(This article previously appeared on Healthaffairs.org on Jan. 11, 2017. Copyright (c) 2017 Health Affairs by Project HOPE – The People-to-People Health Foundation, Inc.)
Much of the recent attention on the future of the Affordable Care Act (ACA) has focused on the fate of the 22.5 million people likely to lose insurance through a repeal of Medicaid expansion and the loss of protections and subsidies in the individual insurance market. Overlooked in the declarations of who stands to lose under plans to “repeal and replace” the ACA are those enrolled in employer-sponsored health plans — the primary source of coverage for people under 65.
Job-based plans offered to employees and their families cover 150 million people in the United States. If the ACA is repealed, they stand to lose critical consumer protections that many have come to expect of their employer plan.
It’s easy to understand the focus on the individuals who gained access to coverage thanks to the health reform law. ACA drafters targeted most of the law’s insurance reforms at the individual and small-group markets, where consumers and employers had the greatest difficulty finding affordable, adequate coverage prior to health reform. The ACA’s market reforms made coverage available to those individuals with pre-existing conditions who couldn’t obtain coverage in the pre-ACA world, and more affordable for those low- and moderate-income families who couldn’t afford coverage on their own.
Dependent coverage for children under 26 is one provision President Trump and many anti-ACA legislators have pledged to retain.
Less noticed, but no less important, the ACA also brought critical new protections to people in large employer plans. Although most large employer plans were relatively comprehensive and affordable before the ACA, some plans offered only skimpy coverage or had other barriers to accessing care, leaving individuals — particularly those with costly, chronic health conditions — with big bills and uncovered medical care. For that reason, the ACA extended several meaningful protections to employees of large businesses.
Preventive Services Without Cost-Sharing
The ACA requires all new health plans, including those sponsored by employers, to cover recommended preventive services without cost-sharing, bringing new benefits to 71 million Americans. That means individuals can get the screenings, immunizations and annual check-ups that can catch illness early or prevent it altogether without worrying about meeting a costly deductible or co-payment. With that peace of mind, it’s no wonder it’s one of the most popular provisions of the ACA. Women employees can also access affordable contraception, making available a wider variety of contraceptive choices and increasing use of long-term contraceptive methods.
Pre-Existing Condition Exclusions
Under the ACA, employers cannot impose a waiting period for coverage of a pre-existing condition. Prior to the ACA, individuals who became eligible for an employer plan — for example, once hired for a new job —might have to wait up to 12 months for the plan to cover pre-existing health conditions. You could “buy down” that waiting period with months of coverage under another plan, so long as it was the right kind of plan and you didn’t go without coverage for 63 days or more. But if you lost your job, couldn’t afford COBRA, went a few months without coverage and then were lucky enough to get another job with benefits, you might find the care you needed wasn’t covered under your plan for an entire year.

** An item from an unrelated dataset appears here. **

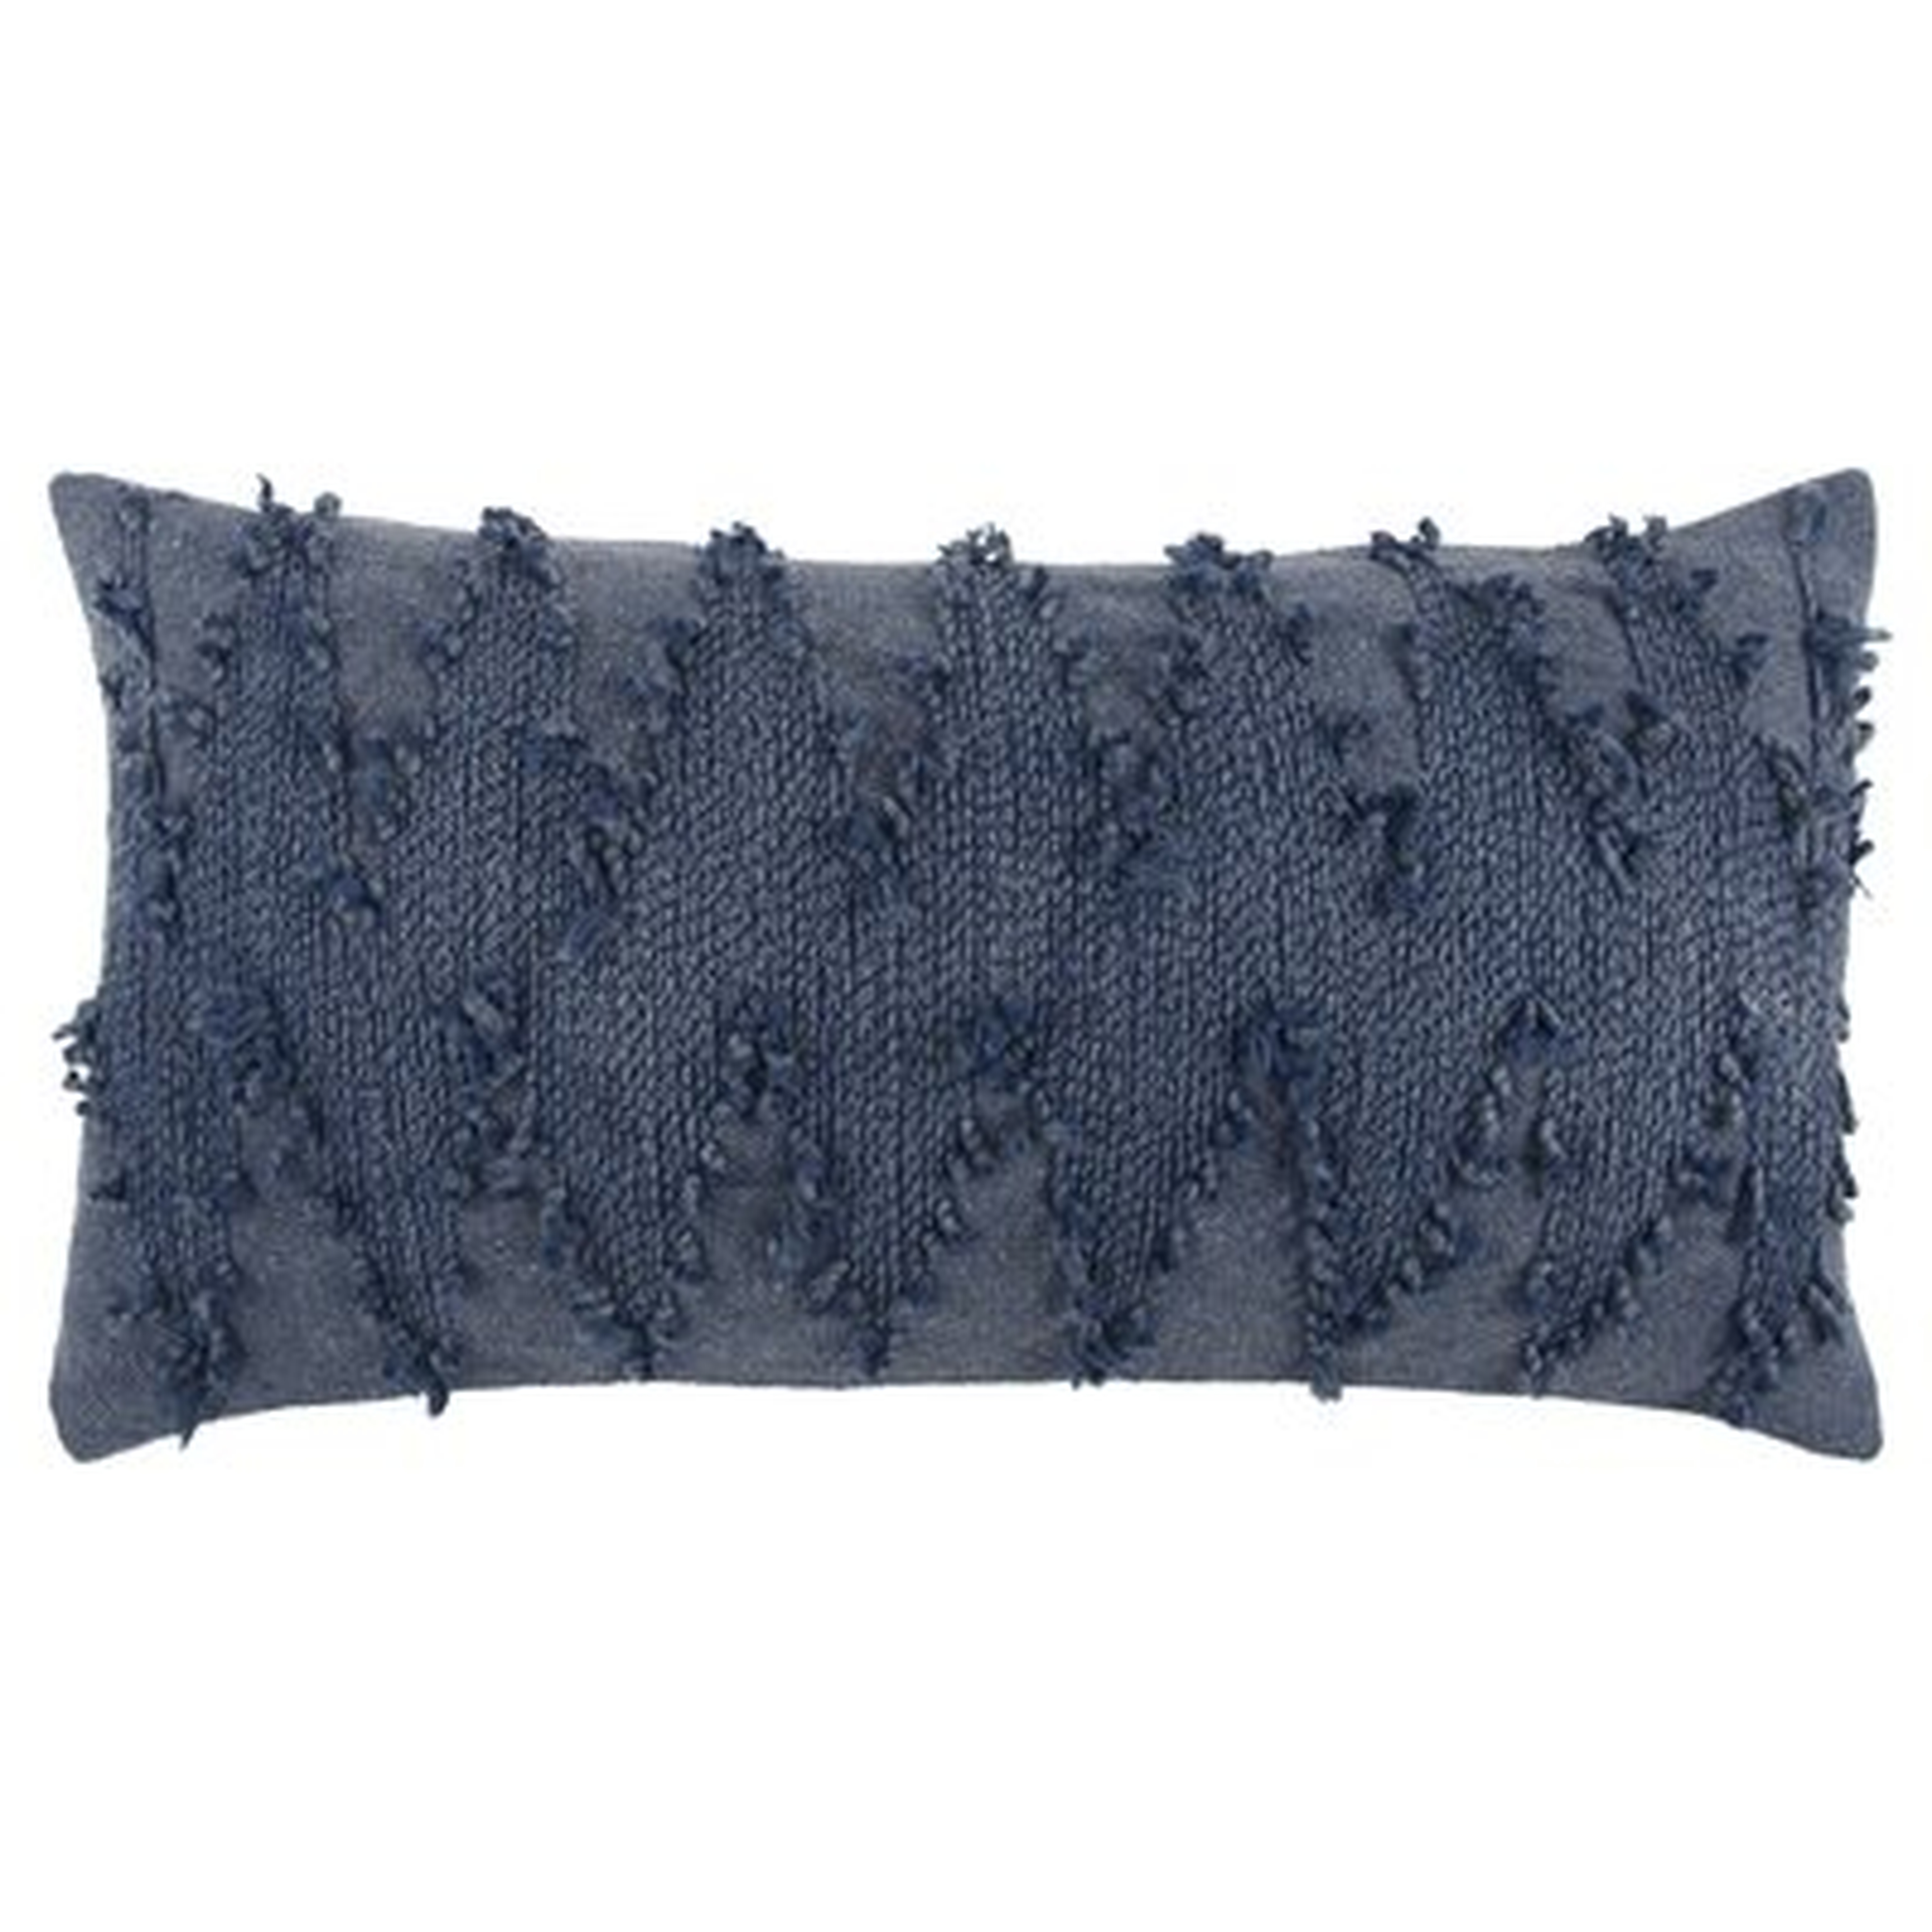 Horrell Decorative Rectangular Cotton Lumbar Pillow - Wayfair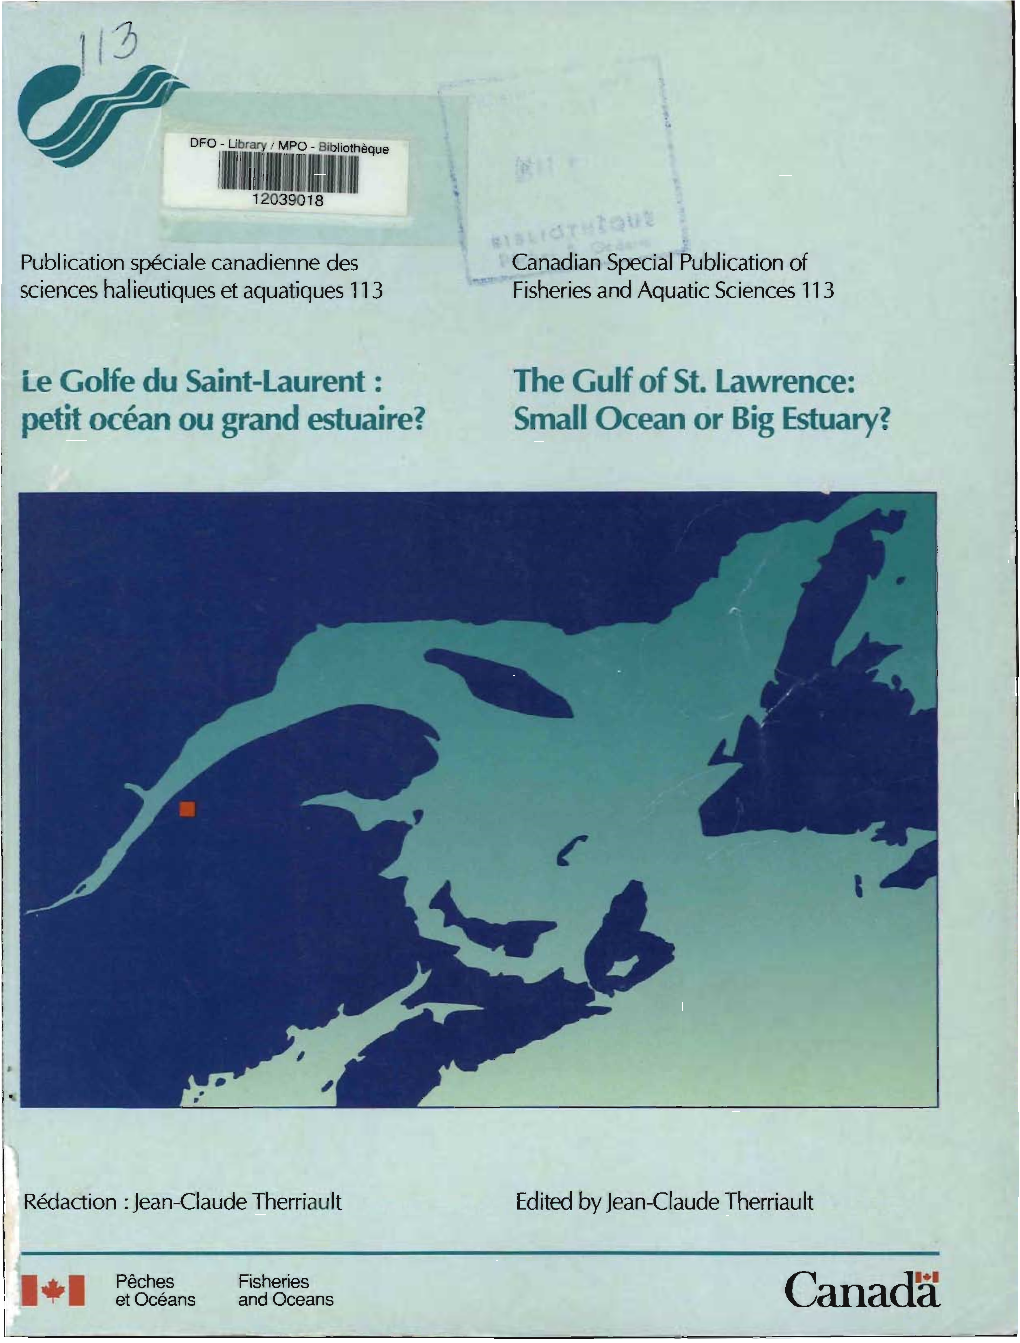 Le Golfe Du Saint-Laurent: the Gulf of St

Dependent Coverage to Age 26
The ACA requires all health plans, including those sponsored by large employers, to cover dependents up to age 26. Prior to the ACA, one of the fastest growing groups of uninsured was young adults — not because they turned down coverage offered to them, but because they were less likely to have access to employer-based plans or other coverage. The result has been a dramatic increase in the number of insured young adults, particularly among those with employer-sponsored coverage. This ACA requirement is one provision President Trump and many anti-ACA legislators have pledged to retain.
Annual Out-of-Pocket Limit
The ACA requires all new health plans, including those sponsored by employers, to cap the amount individuals can be expected to pay out-of-pocket each year. Prior to the ACA, even those with the security of coverage on the job couldn’t count on protection from crippling out-of-pocket costs.
Prohibition on Annual and Lifetime Limits
The ACA prohibits employer plans from having an annual or lifetime dollar limit on benefits. Prior to the ACA, employer plans often included a cap on benefits; when employees hit the cap, the coverage cut off. For individuals who needed costly care, like a baby born prematurely or those with hemophilia or multiple sclerosis, that often meant a desperate scramble to find new coverage options as one after another benefit limit was reached.
The ACA guarantees individuals the right to an independent review of a health plan’s decision to deny benefits or payment for services, regardless of whether the employer plan is insured or self-funded. Prior to the ACA, only workers in insured plans had the right to an independent review of a denied claim. But more than 60 percent of workers are in self-funded plans, and the only option for those workers to hold their plan accountable was to sue, an expensive and lengthy process.
If you’re one of the 150 million people who get their coverage through an employer plan, you may want to pay attention to the prognostications of what’s to become of the ACA. Your access to high-quality, affordable health care will depend on the outcome.